James Herrera, Program Coordinator, DLC-SAVA Conservation

There has been tremendous interest in fuel-efficient cooking stoves, in Madagascar and among the Lemur Center supporter community. And for good reason: these stoves cut charcoal and firewood use by more than half, reduce household air pollution, and save on household budgets. By reducing fuel use, they help reduce the pressure on forests, where trees are extracted at an increasingly rapid pace to meet the growing demands for charcoal. The stoves also offer an opportunity to develop entrepreneurship and diversify household incomes. That’s why this year, the Lemur Center is leading a new push to expand the reach of our fuel-efficient stove program!

two ADES stoves

DLC-SAVA has provided over 2,000 stoves for families in the SAVA region.

The fuel-efficient stove project has been a part of the SAVA Conservation program since its beginning, 10 years ago. Thus far, over 2,000 households have benefited from adopting fuel-efficient stoves through Lemur Center programing. Despite the high value of the stoves, several barriers precluded us from taking the stove project to the levels we knew it should reach. First, the stoves are produced in Madagascar by the Swiss company ADES. Until recently, we had to purchase the stoves in the capital city, hundreds of miles away, and pay exorbitant amounts to truck them up, which could also take weeks. This made access difficult for us, and nearly impossible for people in the remote countryside. This year, that barrier has fallen because ADES opened two new distributors in the SAVA region. We can now easily buy the stoves in the cities and transport them to the remote countryside, where they’re needed most, at much-reduced costs. We’re so excited about this we already placed our order for 650 stoves in October!

Map of SAVA region, illustrating the central location of the DLC headquarters with the two new ADES locations. 

Second, while the stoves work terrifically, adopting new technologies always takes time. People are used to cooking with traditional metal stoves, which are highly inefficient, or on open fires. Transitioning to the new stoves takes time, access, and know-how. Last year, ADES initiated a new mobile center that takes their products on the go, and skilled animators demonstrate and motivate people to adopt the new stoves.

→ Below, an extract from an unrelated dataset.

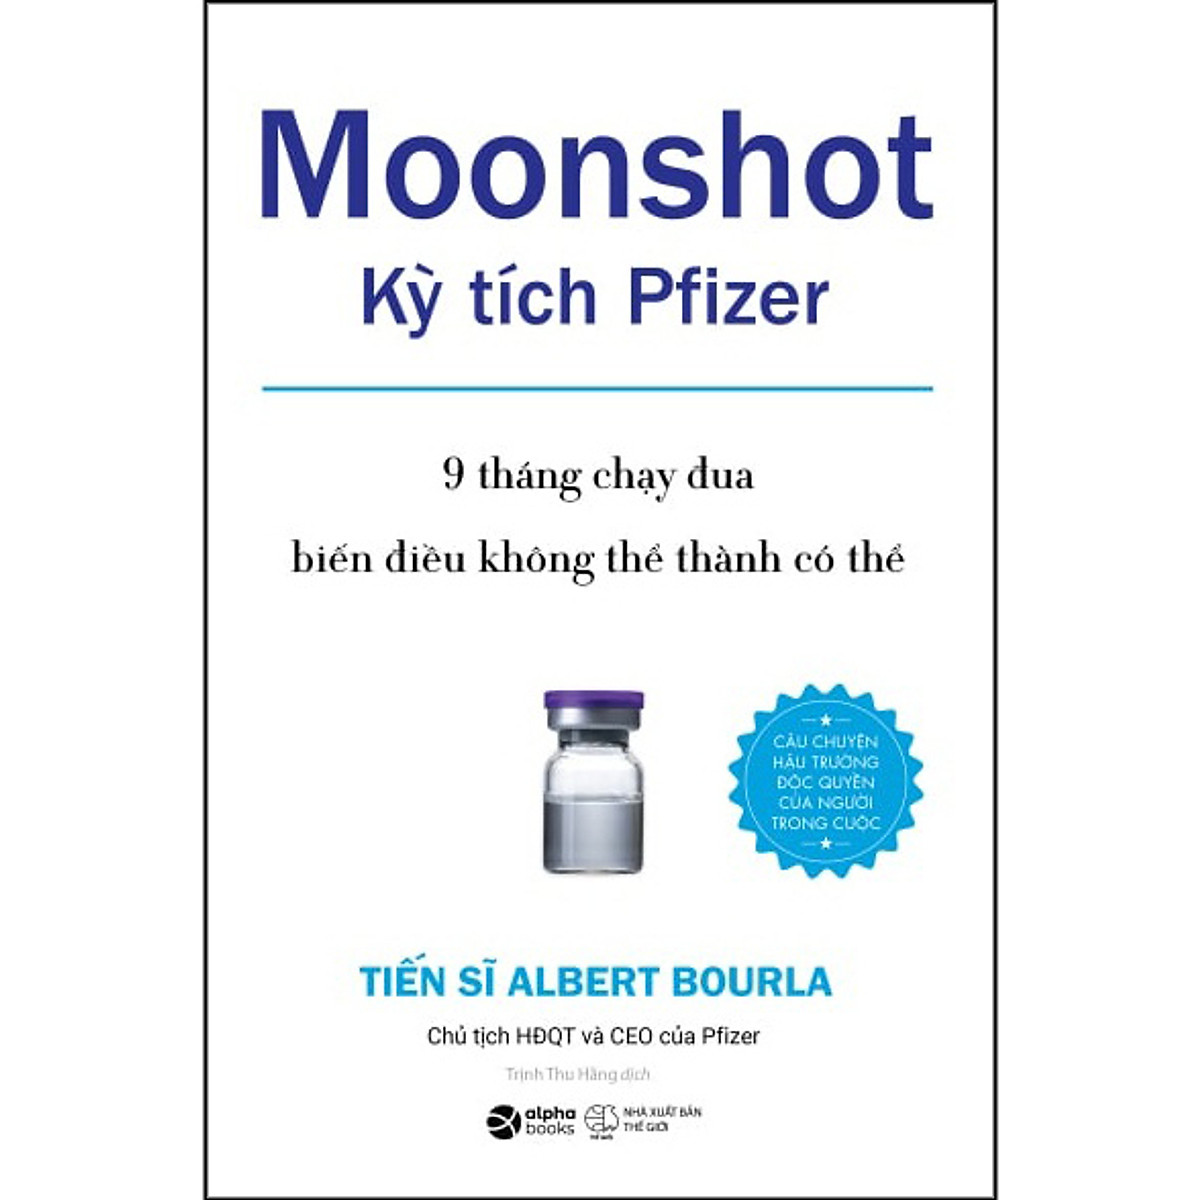 Moonshot: Kỳ tích Pfizer

With our collaboration, the mobile center reached four countryside villages last year, and 300 households purchased stoves last year via the new mobile center. Follow-up surveys with those households, led by our university partners, revealed that more than 90% of the respondents were completely satisfied with their stoves. They reported reducing their charcoal use by half, which alleviates demand for fuel and also saved them on their household budget. We plan to host the mobile center to double their reach this year, and even expand their travel routes, this time including taking the stoves up-river by boat! Stay tuned for more.

The new ADES Mobile Center, raising awareness and demonstrating the use of the stoves during the World Lemur Day celebration, 2020.

Third, and most significantly to us, we see the value of fuel-efficient stoves as a means of diversifying household incomes. We have partnered with some of our most motivated participants in the remote countryside to re-distribute the stoves in their villages. These entrepreneurs buy the stoves from us at cost, and sell the stoves in their communities for a small profit. The price points are set in agreement among us and the communities, ensuring fair prices, and everyone benefits from the increased access to stoves. Diversifying incomes is an important step to develop resilience, buffering households during crises due to crop price volatility and economic crashes.

The ADES stoves are high quality and so rugged, they even come with a guarantee to replace the stove if it breaks. Many households report the stoves last 5+ years with no problems. By reducing the amount of carbon monoxide and particulates produced, the stoves also alleviate a significate source of pollution in the household. Because the task of cooking falls on women and young girls, this creates health disparities and women frequently have respiratory illnesses that negatively impact their productivity.

We are encouraged because the regional office of development in the SAVA region is especially focused on reducing fuelwood consumption. They are organizing a 3-day regional meeting of all actors related to the energy sector and invited the Lemur Center to participate and explain how we are contributing to this mission. This meeting will be an excellent opportunity for all actors to exchange experiences and develop a strategic action plan for creating sustainability in this important sector.

Finally, what does all this have to do with lemur conservation? Decreasing the pressure on the forest where charcoal is produced is one important factor. Charcoal production often leads to forest fires, as well. Given that households reduce their charcoal use by half, we estimate that saves about 150-300 kg (around 330-660 lbs) per year per household. If we can reach our goal of 1,000 households served, that means at least 150,000kg of charcoal saved! Further, our Malagasy partners report to us that the reason people go to the forest to exploit natural resources is that it is their only means of earning income. By diversifying incomes via entrepreneurship and reducing the costs of fuel, households see many advantages from adopting the stoves. For all these reasons, the fuel-efficient stove project has remained an important piece of the puzzle for our multidisciplinary conservation project.

We are so thankful for all who have donated to support this project, including the DLC supporter who generously offered to match donations to fund this project for a full year!